TASK DESCRIPTION
Leave the pictures out. Retype exactly the lines below from the one containing "Раскраска Три мыши с длинными хвостами" through the one containing "Ponte degli Alpini", and no others.

RAW DATA
━━━

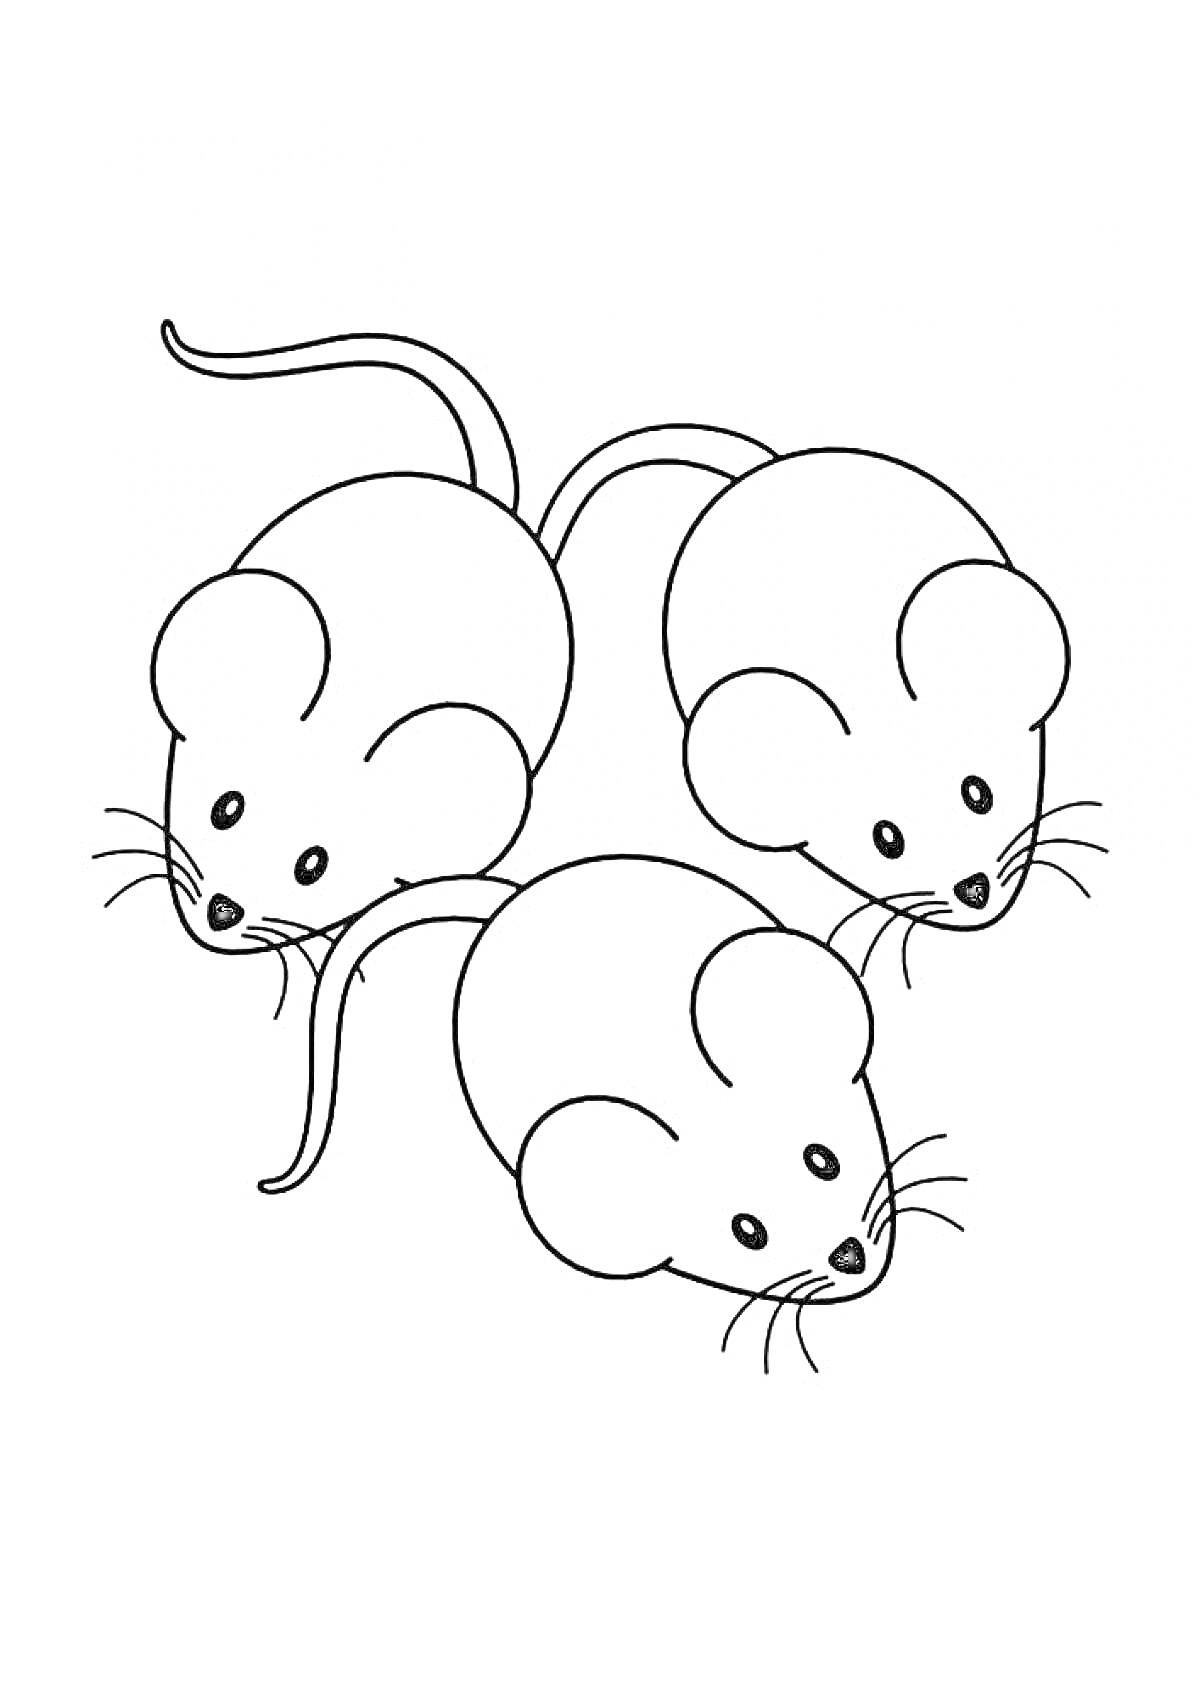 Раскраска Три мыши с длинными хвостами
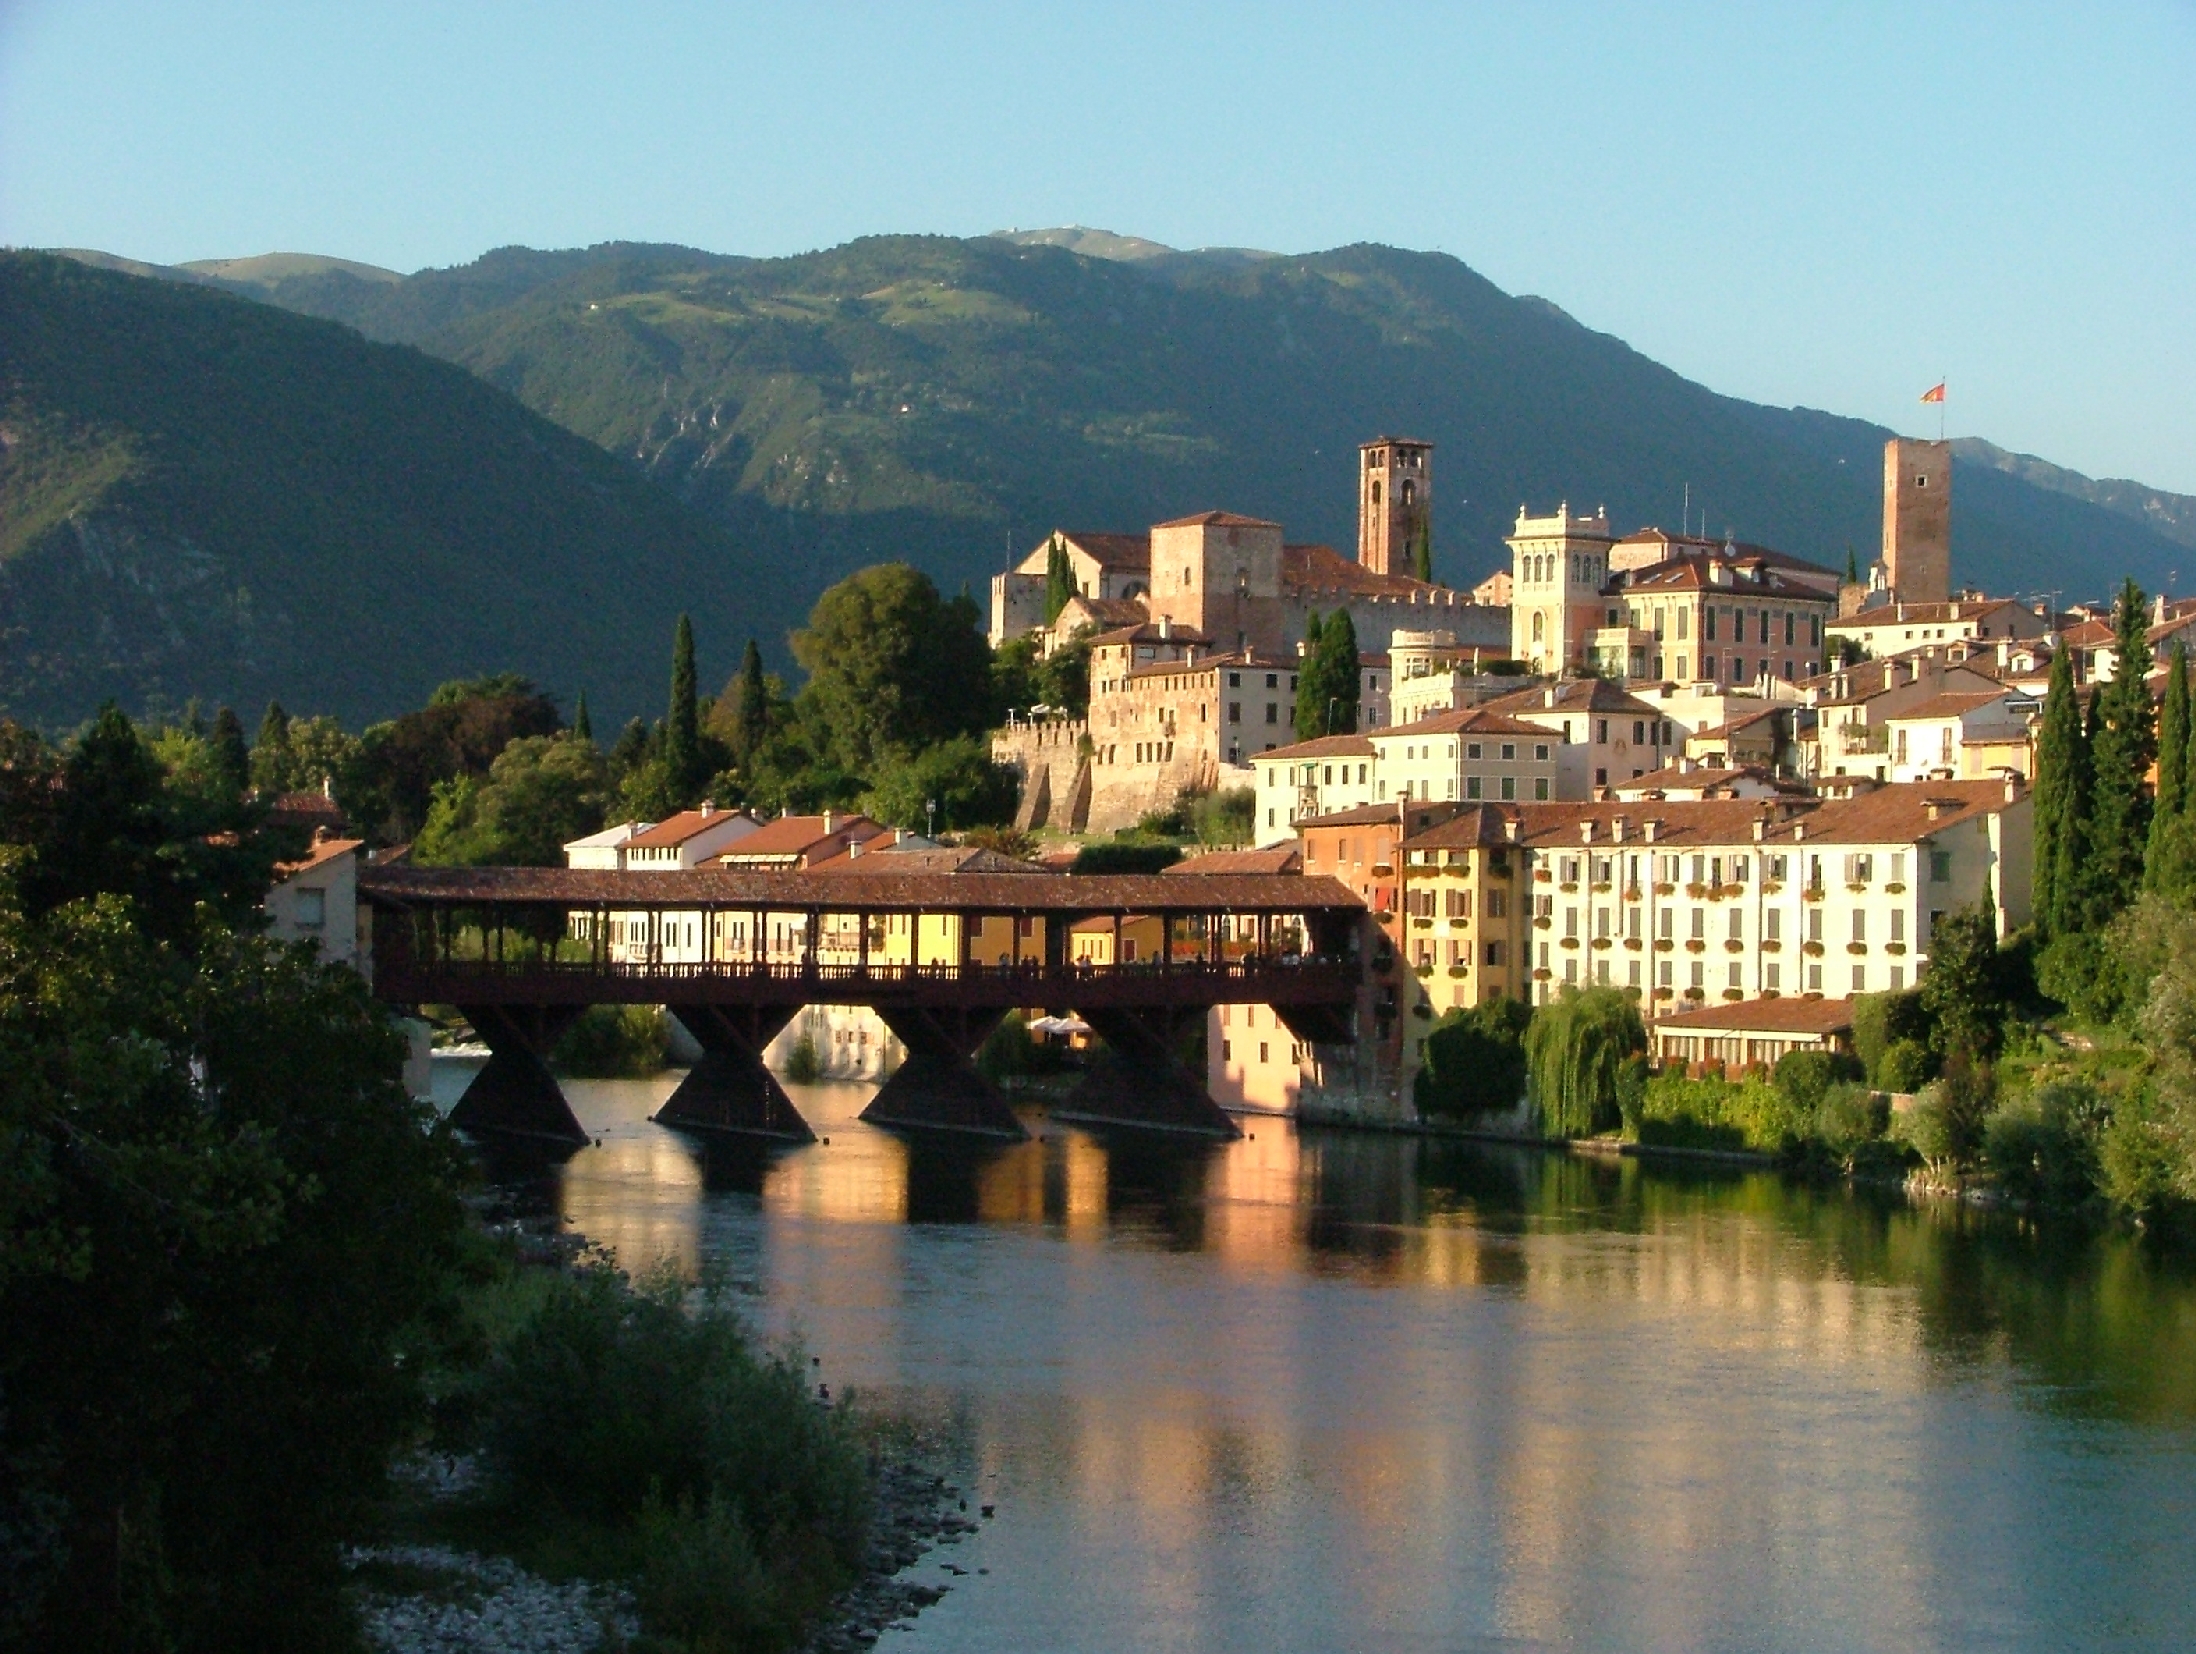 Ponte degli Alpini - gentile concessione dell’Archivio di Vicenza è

━━━

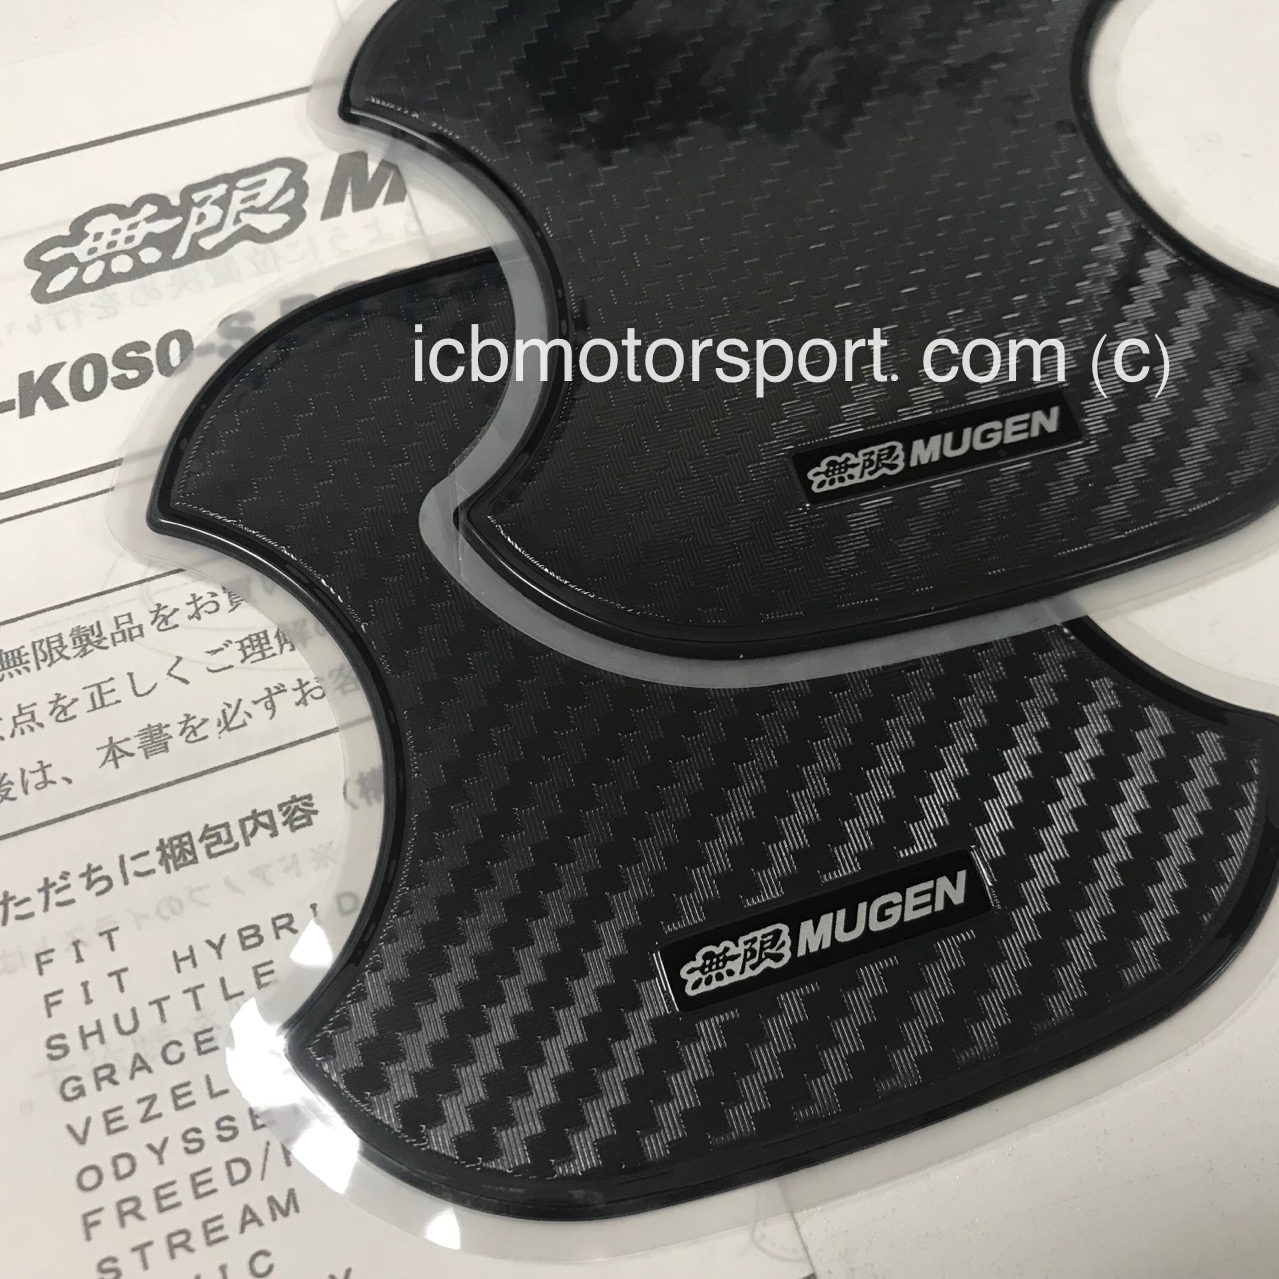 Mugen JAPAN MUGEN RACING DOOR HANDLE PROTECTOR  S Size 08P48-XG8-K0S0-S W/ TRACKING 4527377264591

━━━

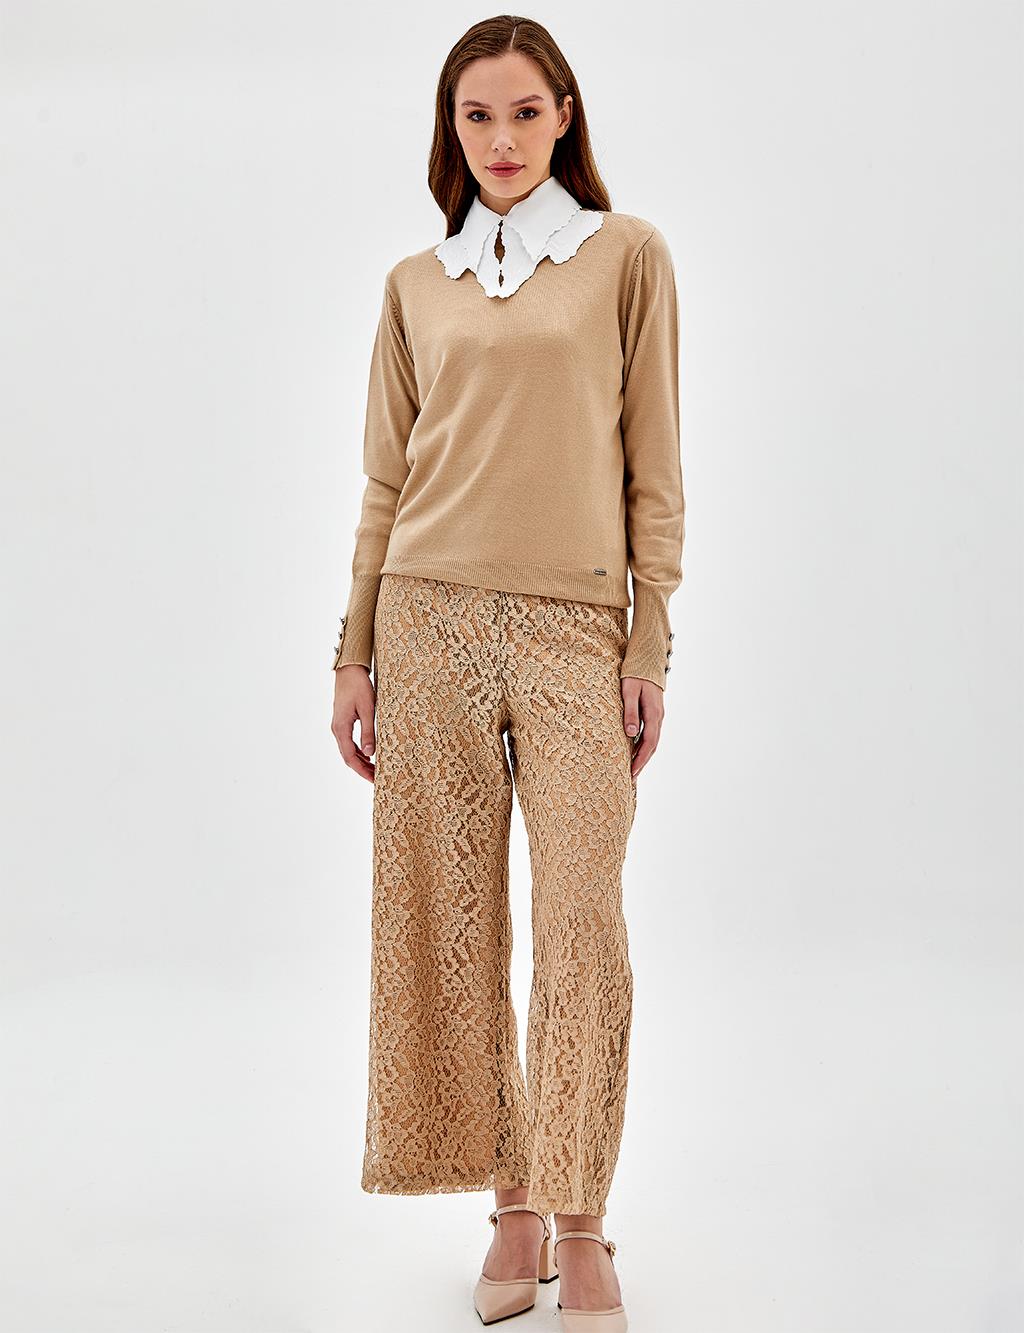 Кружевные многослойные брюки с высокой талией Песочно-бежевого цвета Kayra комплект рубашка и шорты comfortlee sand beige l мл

━━━

ANSWER FOR THIS EXERCISE
 Раскраска Три мыши с длинными хвостами
 Ponte degli Alpini - gentile concessione dell’Archivio di Vicenza è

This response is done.